Resenha: A Garota no Trem – Paula Hawkins

“Todas as manhãs, Rachel pega o trem das 8h04 de Ashbury para Londres. O arrastar trepidante pelos trilhos faz parte de sua rotina. O percurso, que ela conhece de cor, é um hipnotizante passeio de galpões, caixas dágua, pontes e aconchegantes casas. Em determinado trecho, o trem para no sinal vermelho. E é de lá que Rachel observa diariamente a casa de número 15. Obcecada com seus belos habitantes a quem chama de Jess e Jason , Rachel é capaz de descrever o que imagina ser a vida perfeita do jovem casal. Até testemunhar uma cena chocante, segundos antes de o trem dar um solavanco e seguir viagem. Poucos dias depois, ela descobre que Jess na verdade Megan está desaparecida. Sem conseguir se manter alheia à situação, ela vai à polícia e conta o que viu. E acaba não só participando diretamente do desenrolar dos acontecimentos, mas também da vida de todos os envolvidos.”

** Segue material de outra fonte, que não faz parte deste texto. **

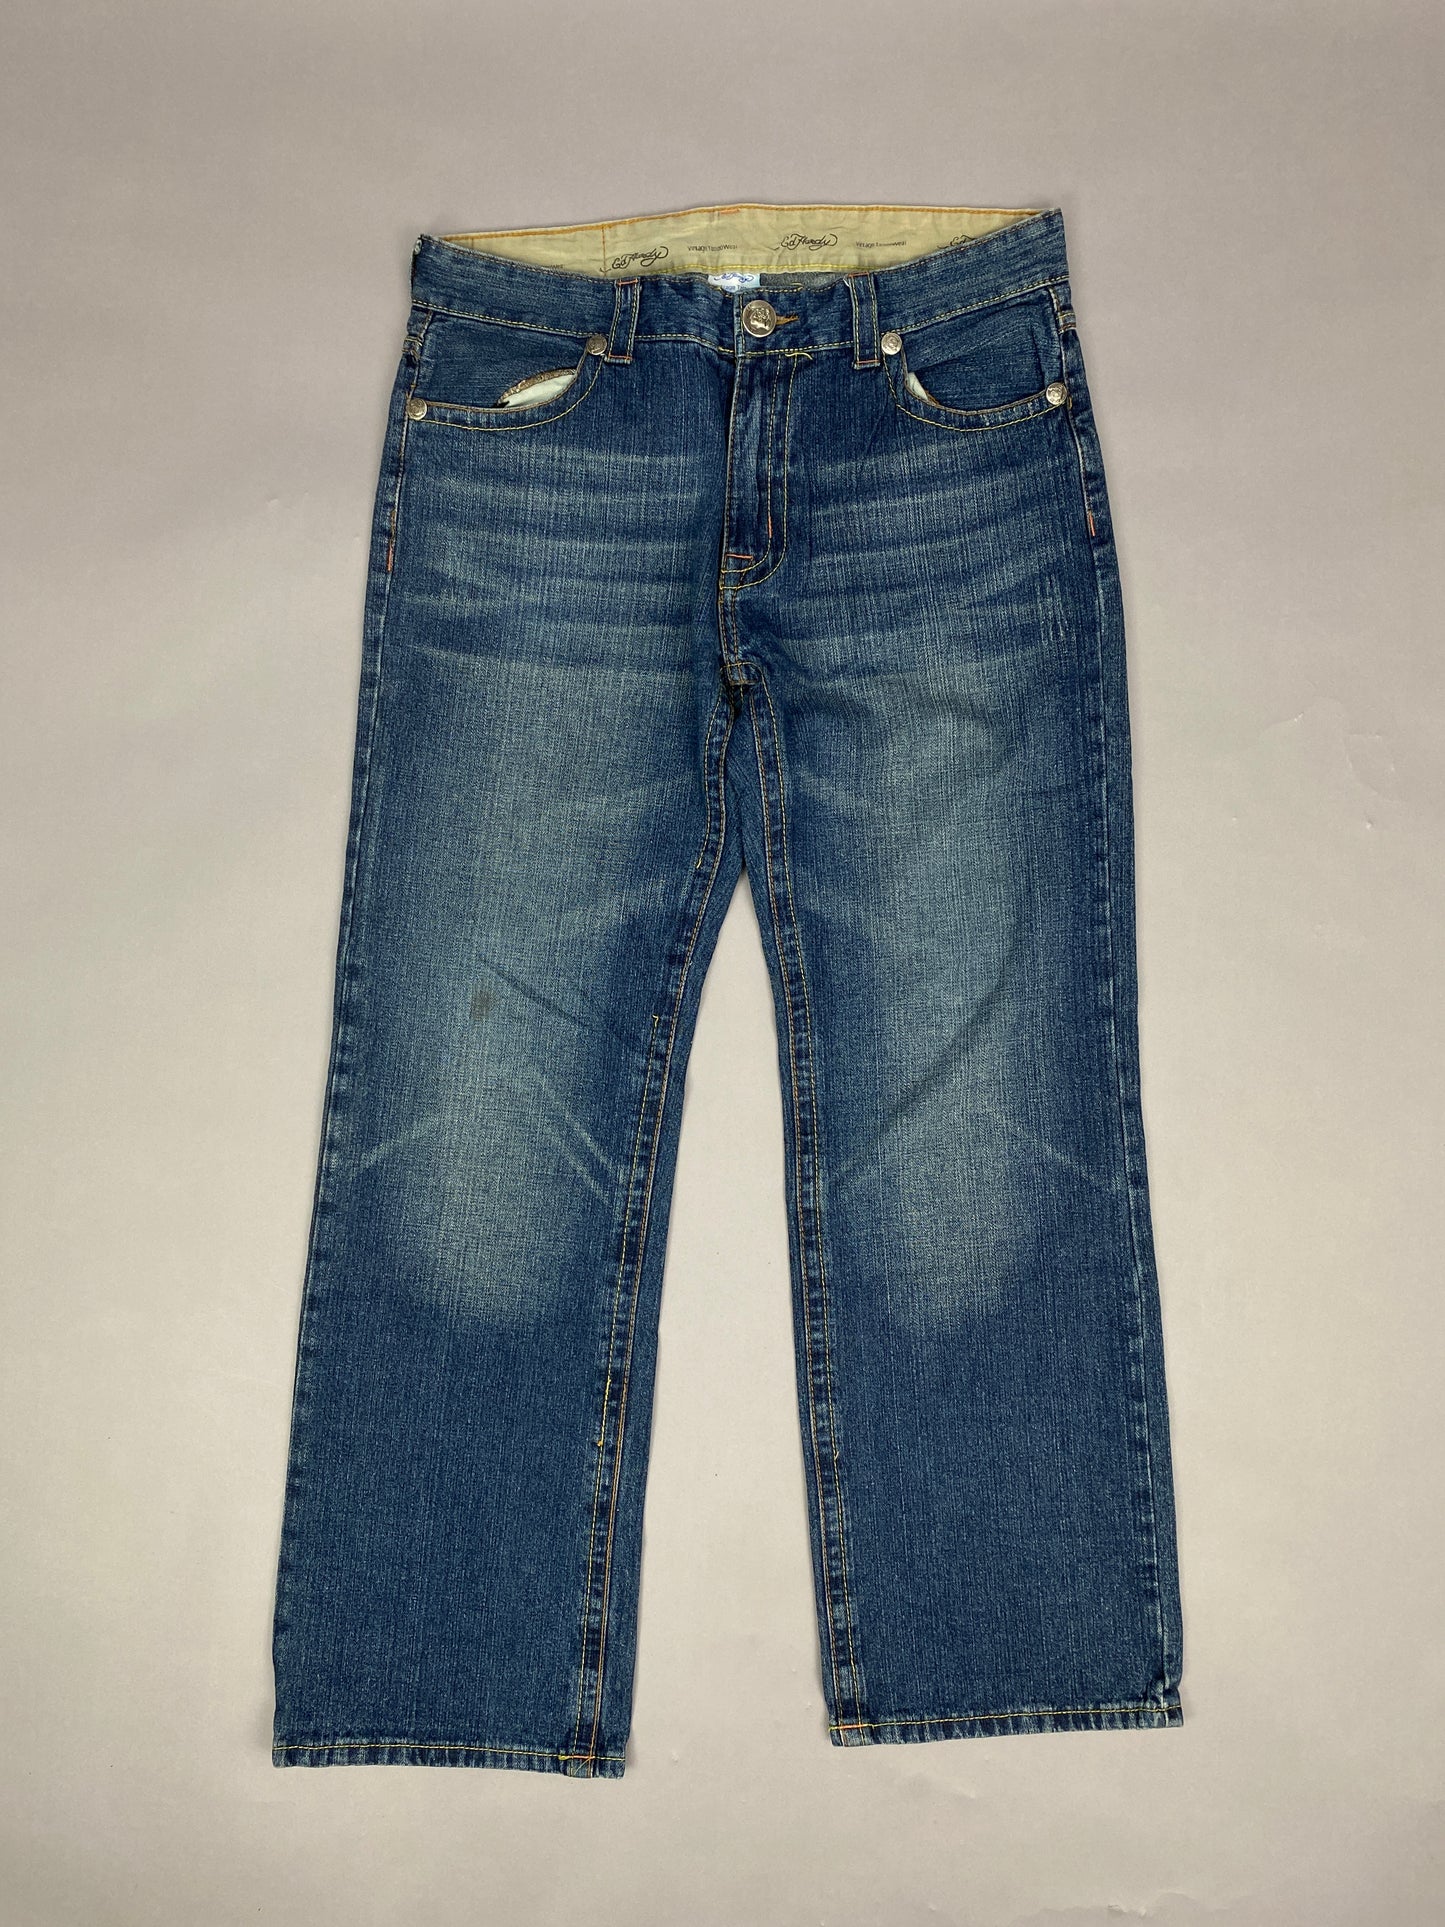 Jeans Ed Hardy Vintage - 36 x 33

Depois dessa sinopse, com certeza já fiquei com vontade de ler A Garota no Trem, livro best-seller da autora Paula Hawkins. Como adoro livros desse estilo (curti bastante o Garota Exemplar, da Gillian Flynn), baixei o e-book no Kindle e já embarquei na leitura. O começo me agradou bastante, mas foi a partir da metade que o livro começou a se enroscar e perdeu completamente minha atenção.

Resenha: A Garota no Trem - Paula Hawkins

Foto: Isabela Zamboni/Resenhas à La Carte

Com uma história óbvia, A Garota no Trem enrola, enrola, enrola por pelo menos 100 páginas, algo que deveria ter se resolvido em vinte. Quando você finalmente espera aquele final mindfuck, espetacular e surpreendente, o livro joga na sua cara: “sim, era esse mesmo o final, não tem nenhuma surpresa, é isso mesmo”. Sei que esse livro foi o mais vendido ano passado (como comentei aqui no blog) e deve ter conquistado milhares de pessoas, mas me decepcionou bastante.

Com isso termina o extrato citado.